- Provided material -
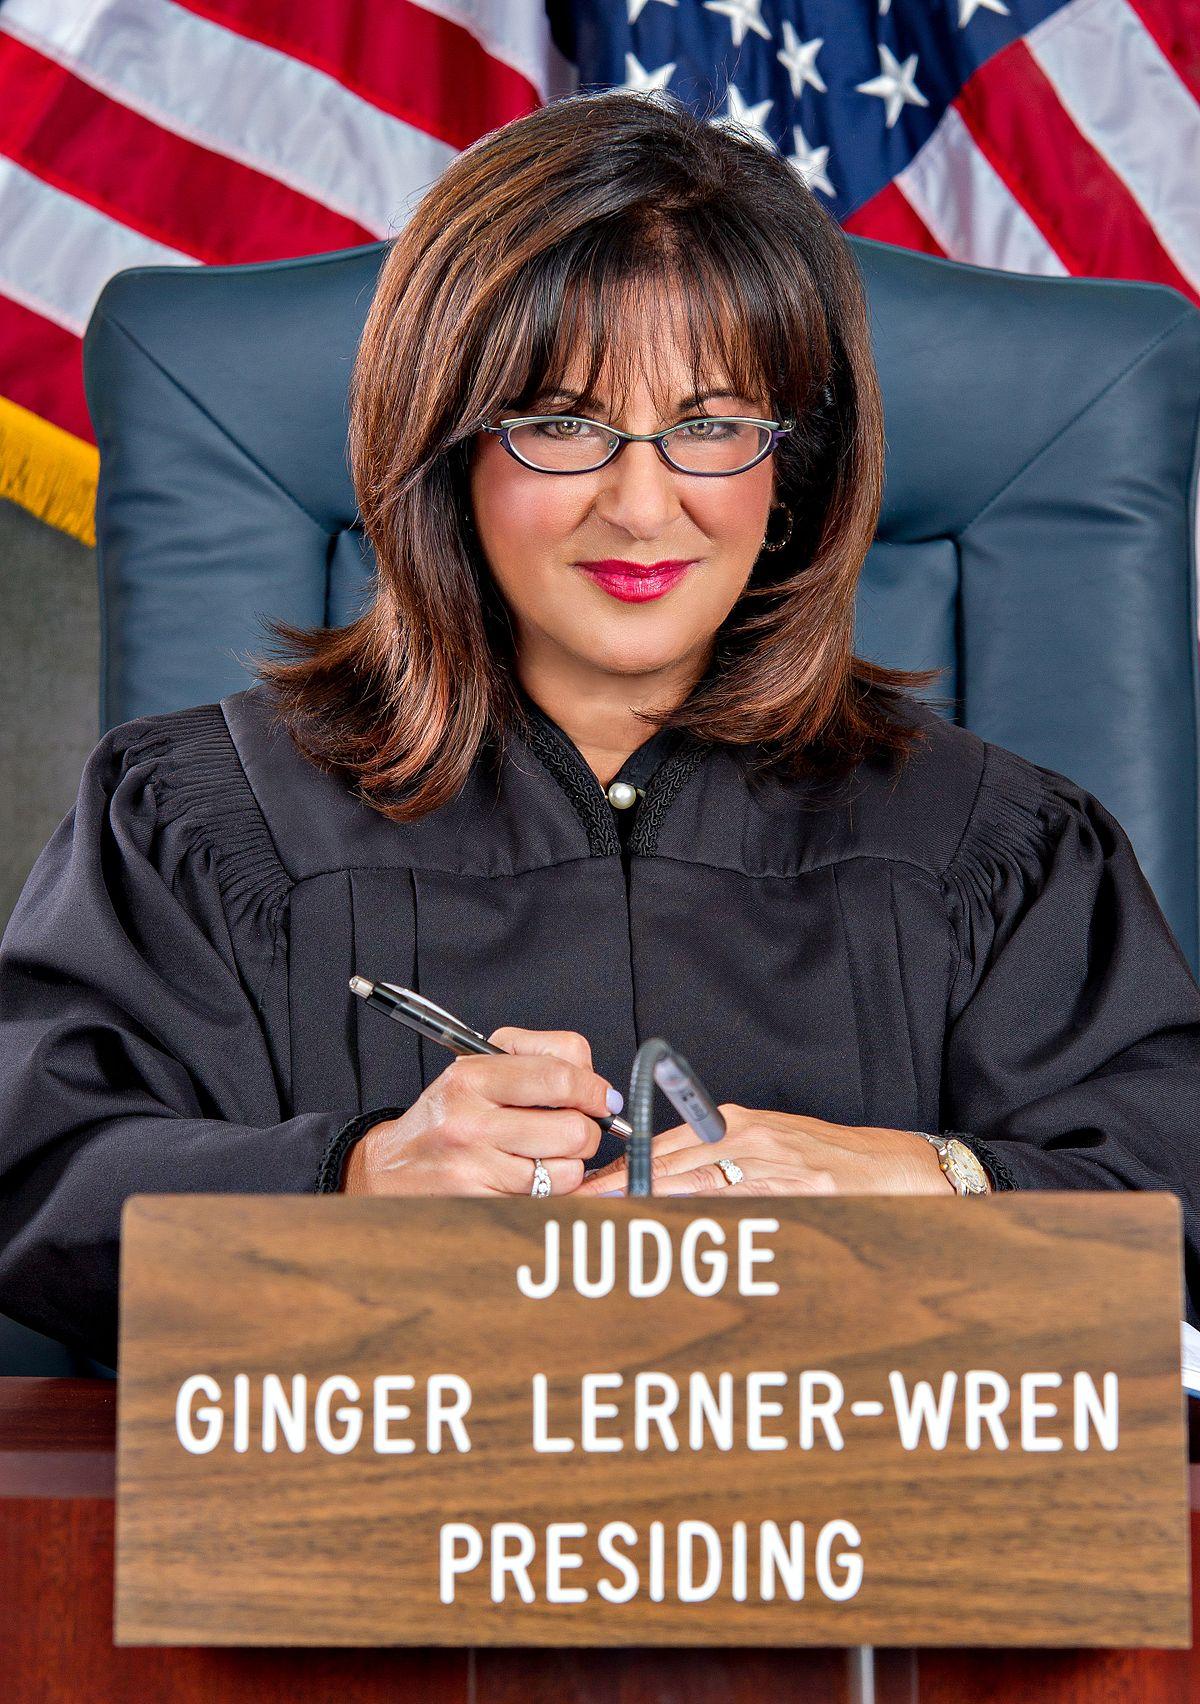 University Of Florida Law School >> Ginger Lerner-Wren - Wikipedia
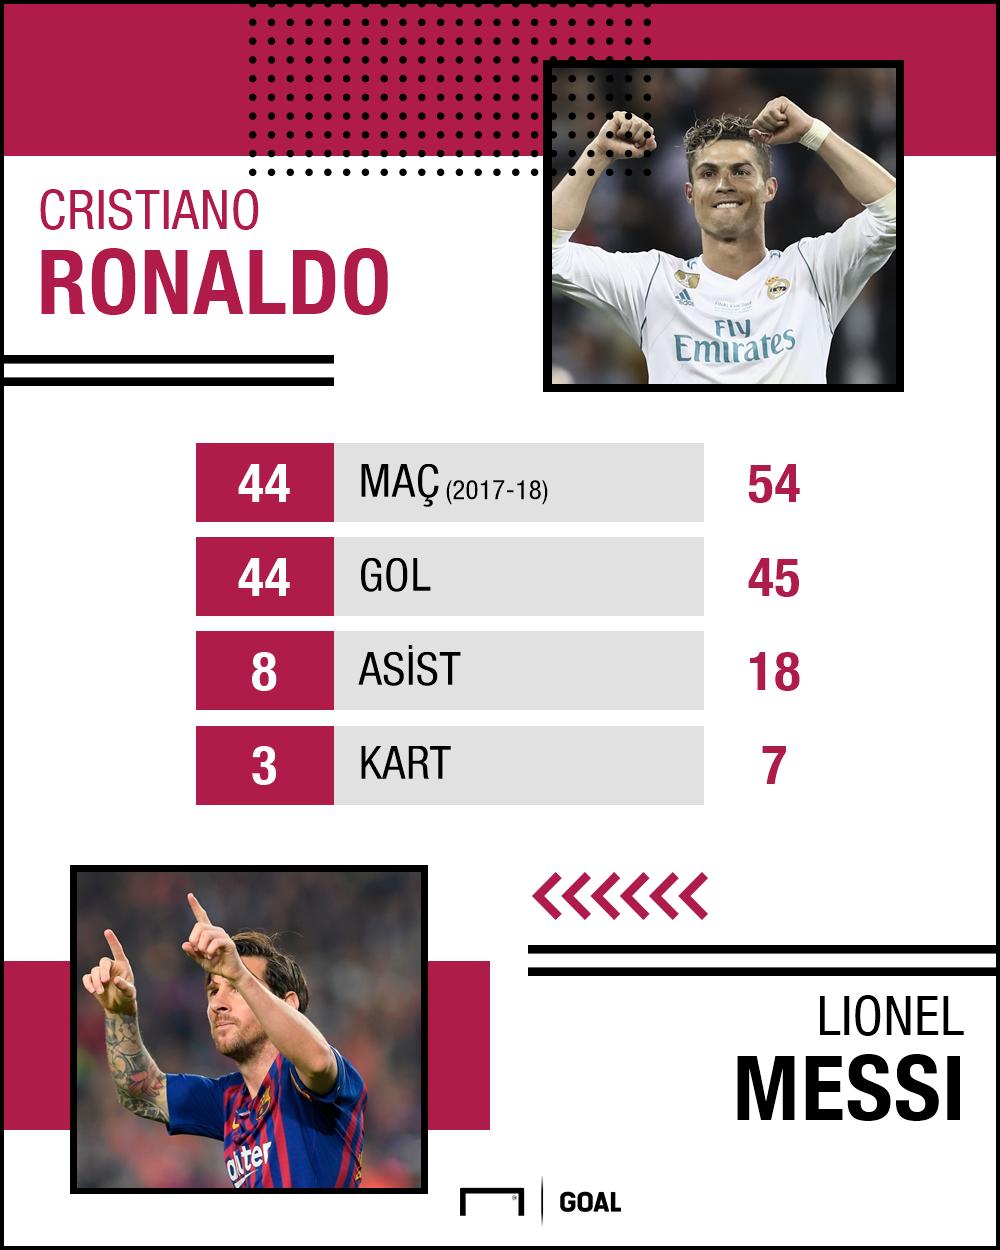 Messi Ronaldo GFX
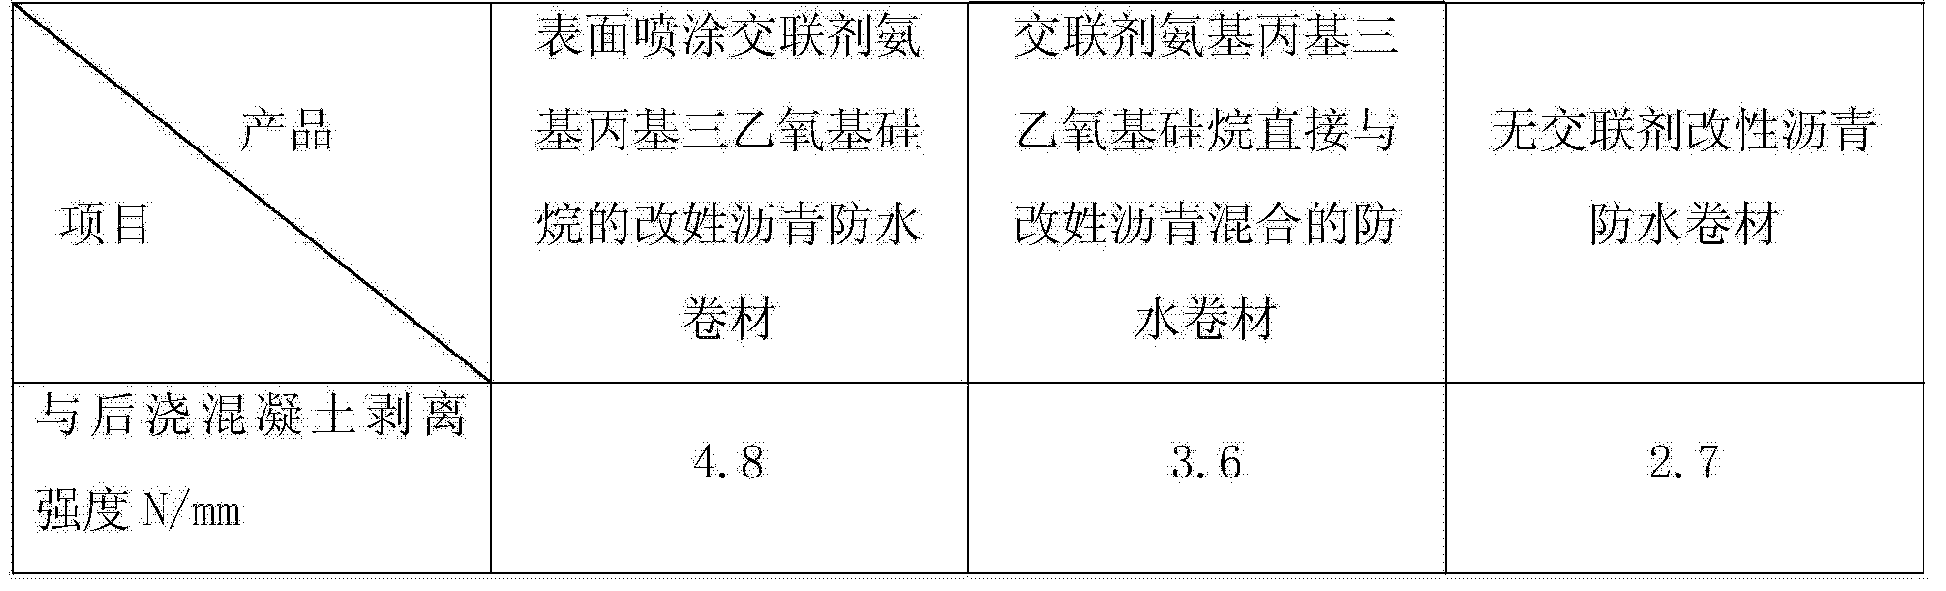 Figure CN204605052UD00091
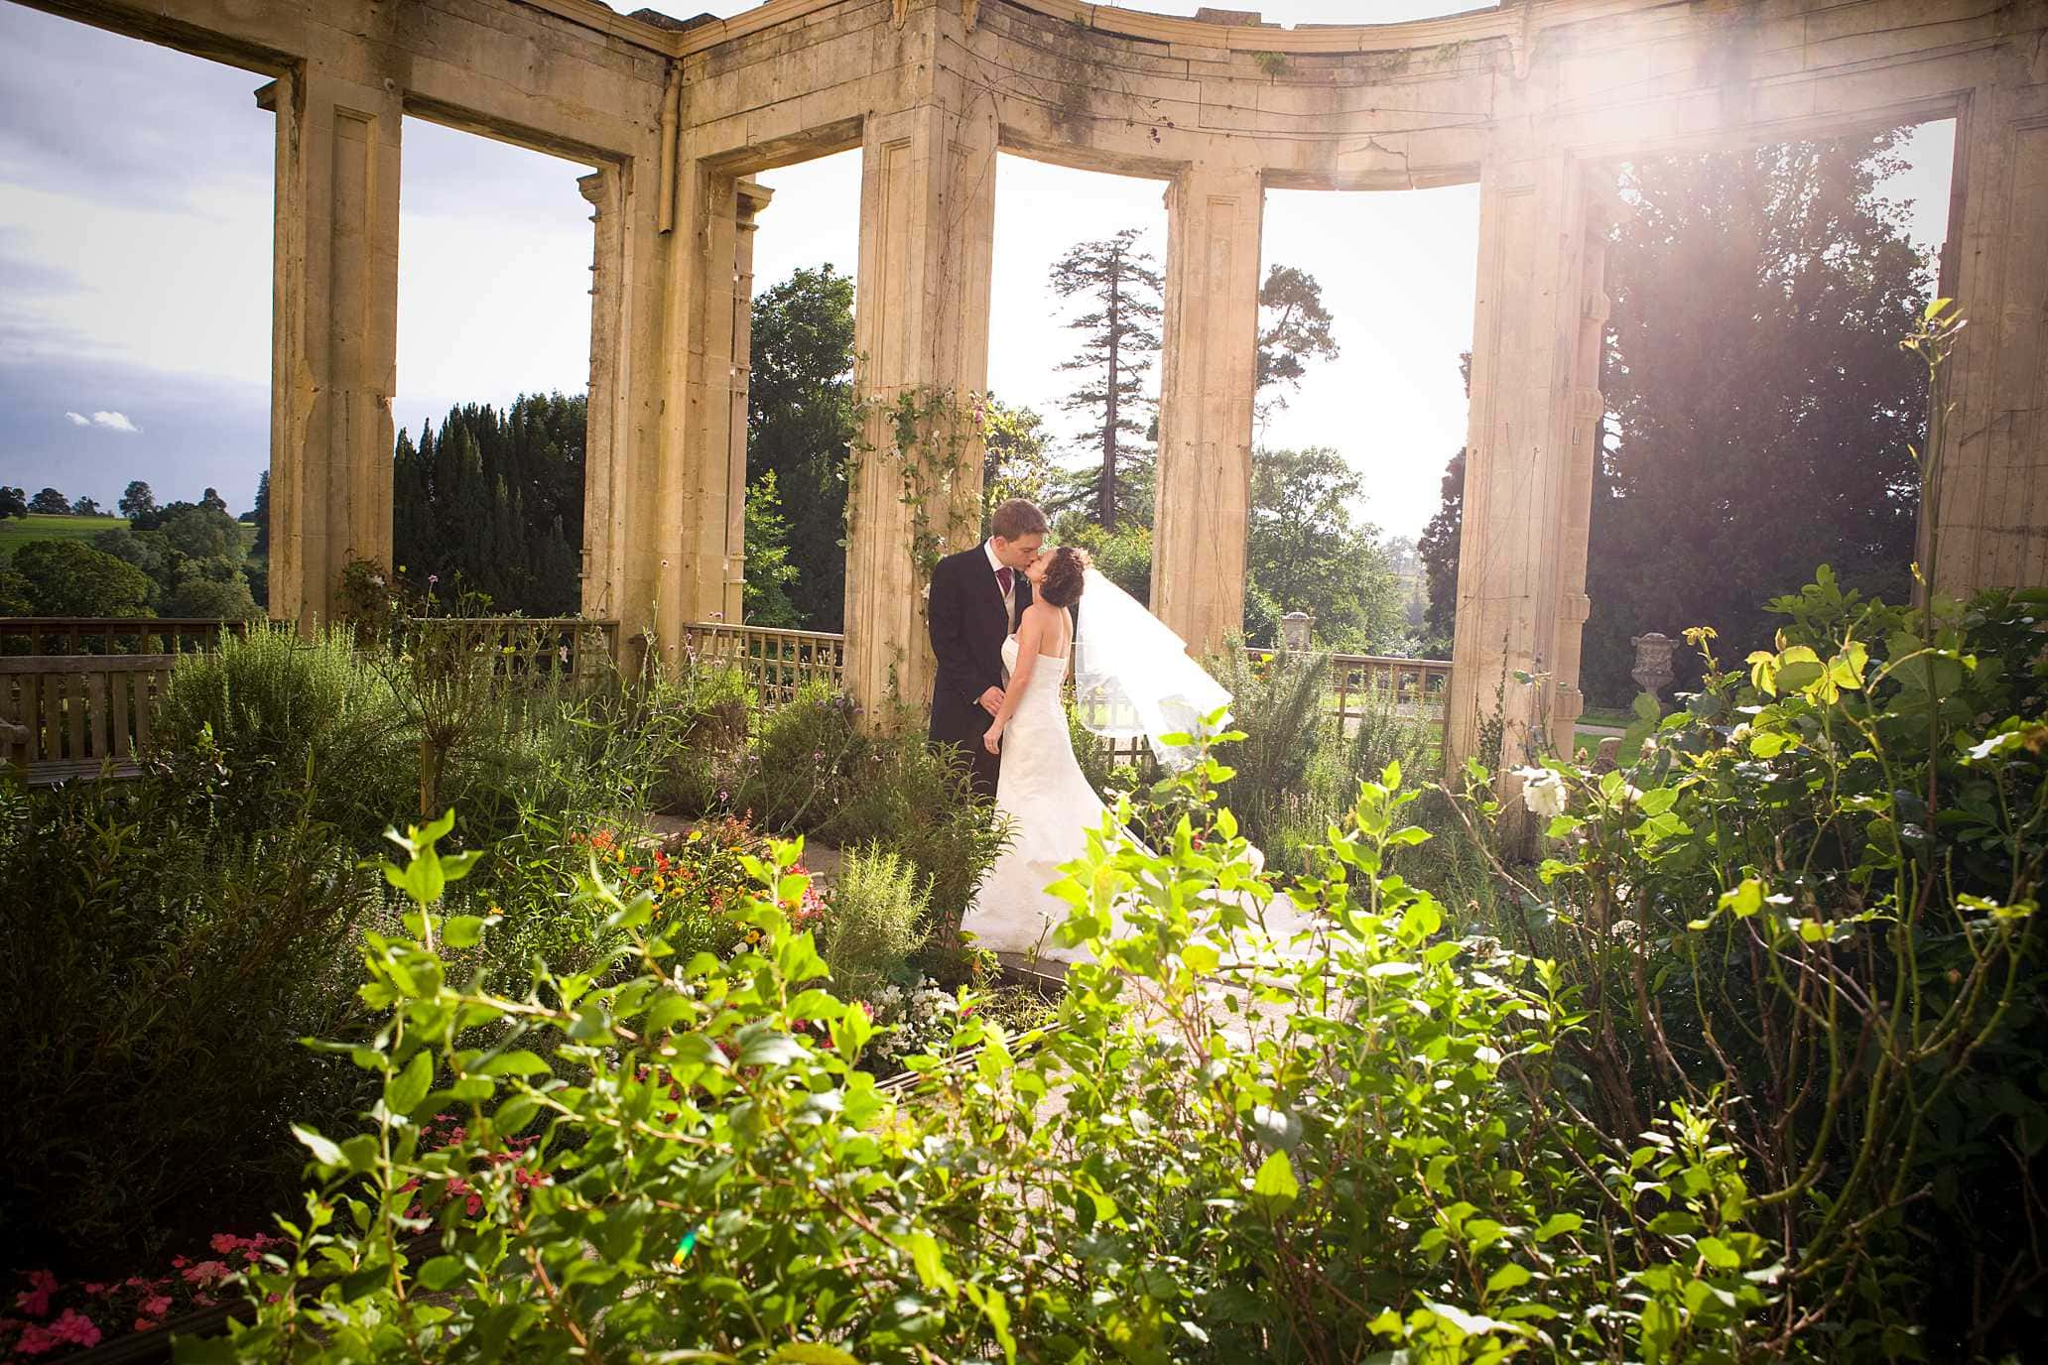 ORCHARDLEIGH HOUSE WEDDING PHOTOGRAPHER | MARISH & HARRY

- Work to be completed -
Leave the pictures aside and print exactly, and only, the lines from the one with "Messi Ronaldo GFX" through the end of the data, both included.

- Solution to the problem -
 Messi Ronaldo GFX
 Figure CN204605052UD00091
 ORCHARDLEIGH HOUSE WEDDING PHOTOGRAPHER | MARISH & HARRY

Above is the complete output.